Holly Hazard, a representative of The Humane Society of the United States told the Sunday Express that “there is no way to track illegal substances such as dermorphin, routinely used by unscrupulous horse trainers to enhance performance, because laboratories wouldn’t even know to test for these drugs.”

What this means for you

For obvious reasons, dermorphin has never been tested on pregnant women or breastfeeding mothers. As such, any possible health implications are unknown. Again, you may want to play it safe and avoid processed meats.

Horse meat ‘popping up’ in more and more products

Unfortunately, the horse meat brouhaha shows no signs of abating with IKEA withdrawing meatballs from sale in 14 European countries including the UK. The BBC reported on the 25th February that tests conducted in the Czech Republic discovered traces of horse meat in a batch made in Sweden — the said batch had also been sold in the UK.

The BBC article also mentions that, according to the Spanish agriculture ministry, beef pasta packs manufactured by brands owned by Nestle had been tested positive for horse meat.

And finally, the Sunday Express disclosed that Birds Eye withdrew a number of ready meals from the market while the Armed Forces and Ascot racecourse (a catering giant supplying schools) recalled its beef.

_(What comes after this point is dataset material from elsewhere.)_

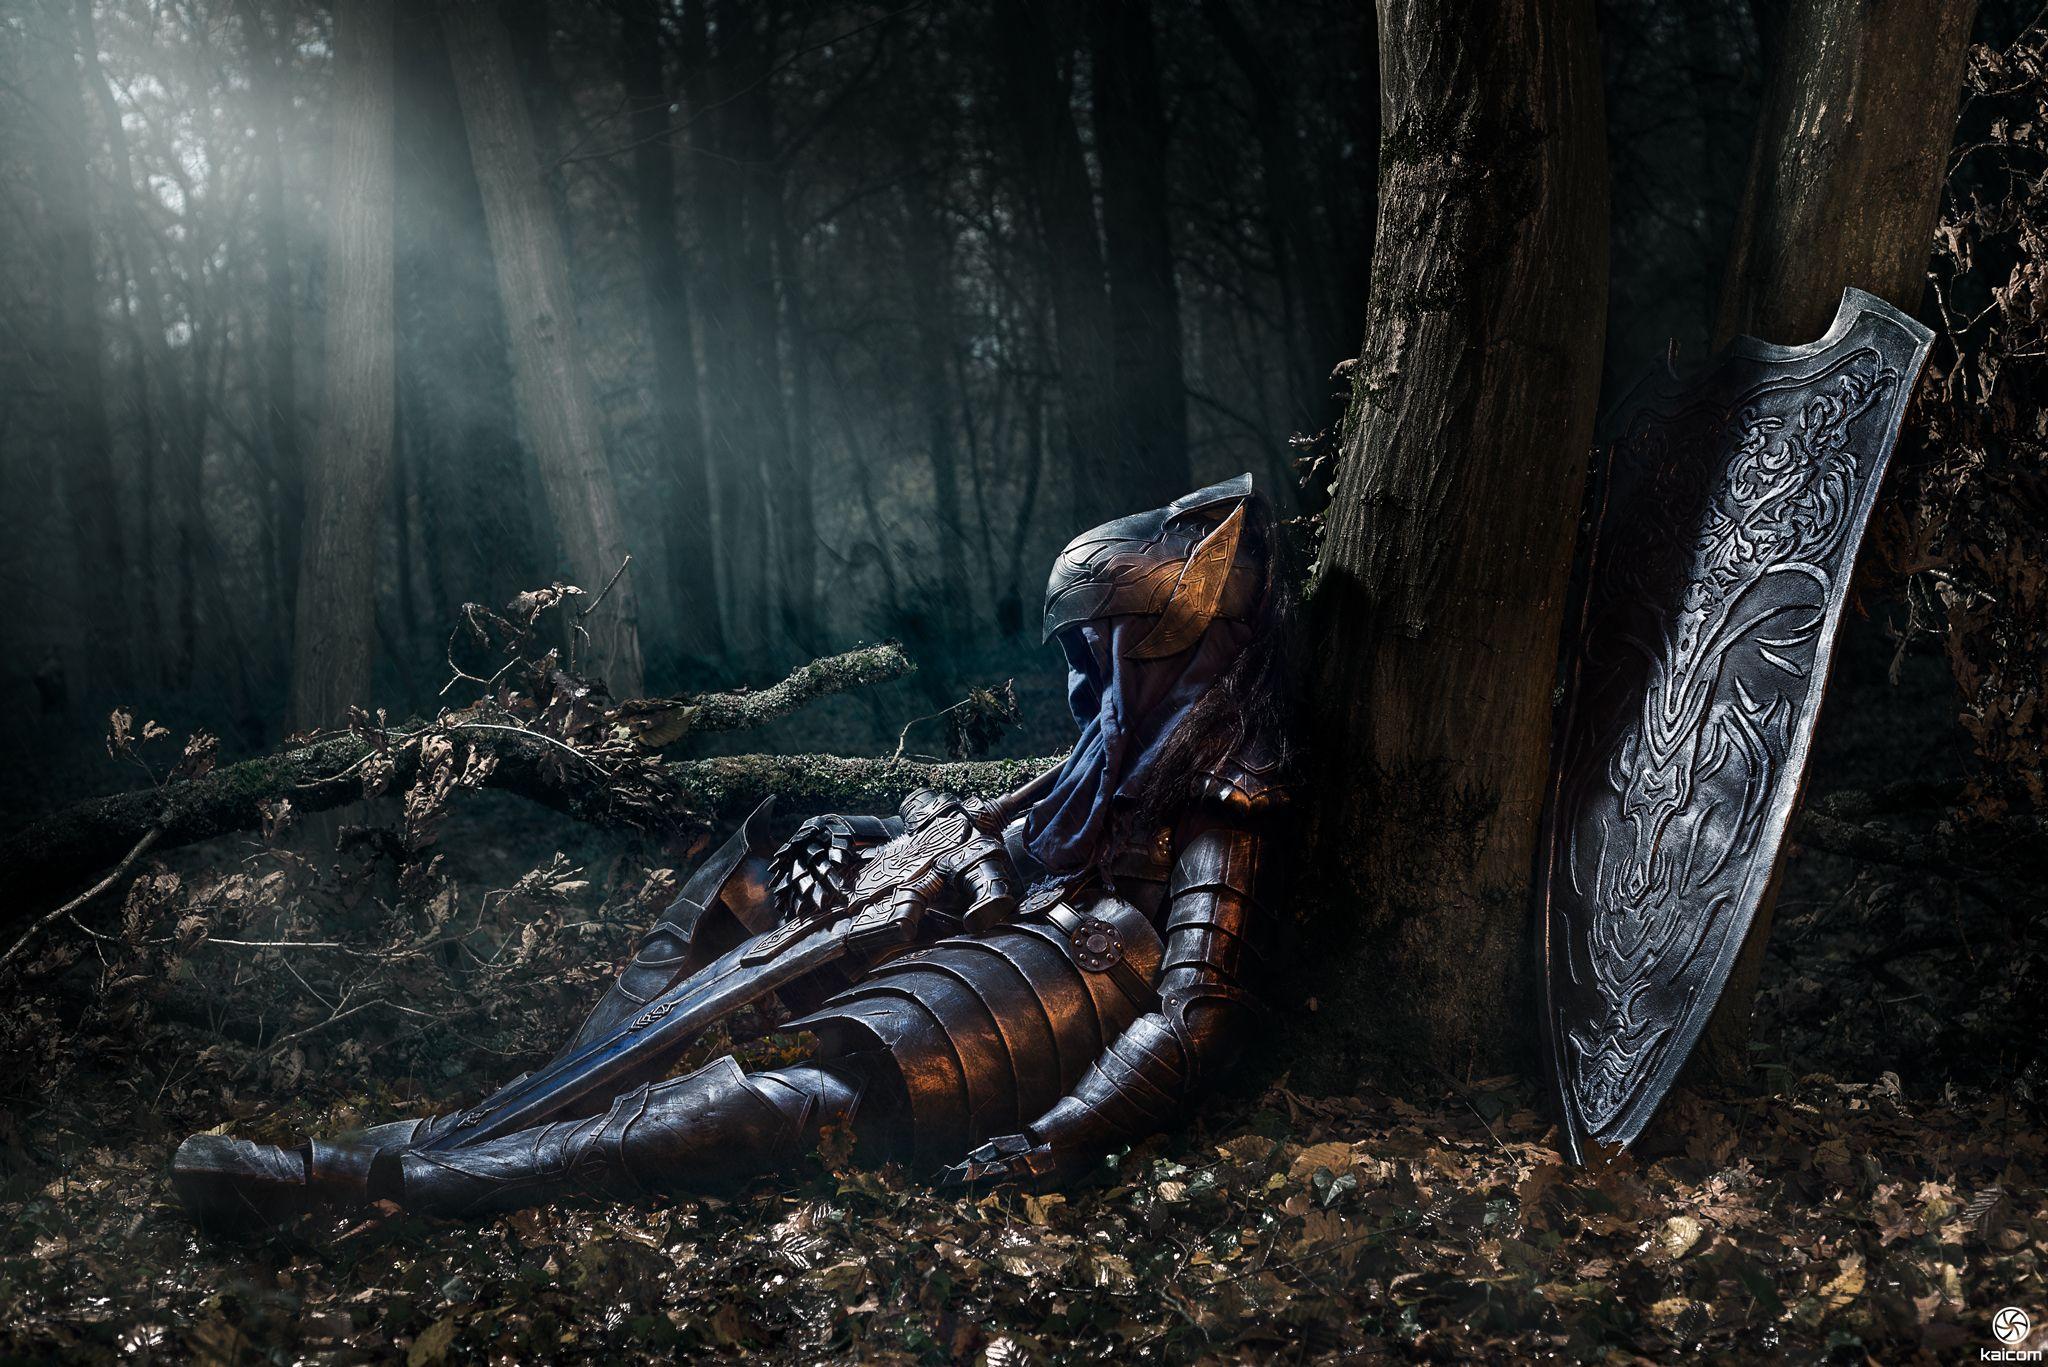 Knight Artorias Dark Souls By Kaihansen3004 Sleeping Wounded Dead Elf Fighter Knight Solider Forest Woods Shield Armor Dark Souls Dark Souls Wallpaper Knight

Steps being implemented to control the horse meat contamination

As the independent food safety and food hygiene watchdog in the UK, the FSA has initiated a UK-wide survey of food authenticity to be conducted by local authorities.

The first phase of this survey is still ongoing and involves food companies analysing the type of meat present in any product that contains beef as the chief ingredient, such as burgers, mince and sausages. Beef-based ready-to-eat meals like lasagne and cottage pie will be tested in phase two. The third phase will be a Europe-wide programme to check foods like steak, gelatine, beef dripping, stock cubes and seasoned kebabs.

“We are assessing the need for any further veterinary medicine testing of both horses slaughtered in the UK and of horse meat found in food,” declared a spokesperson of the FSA.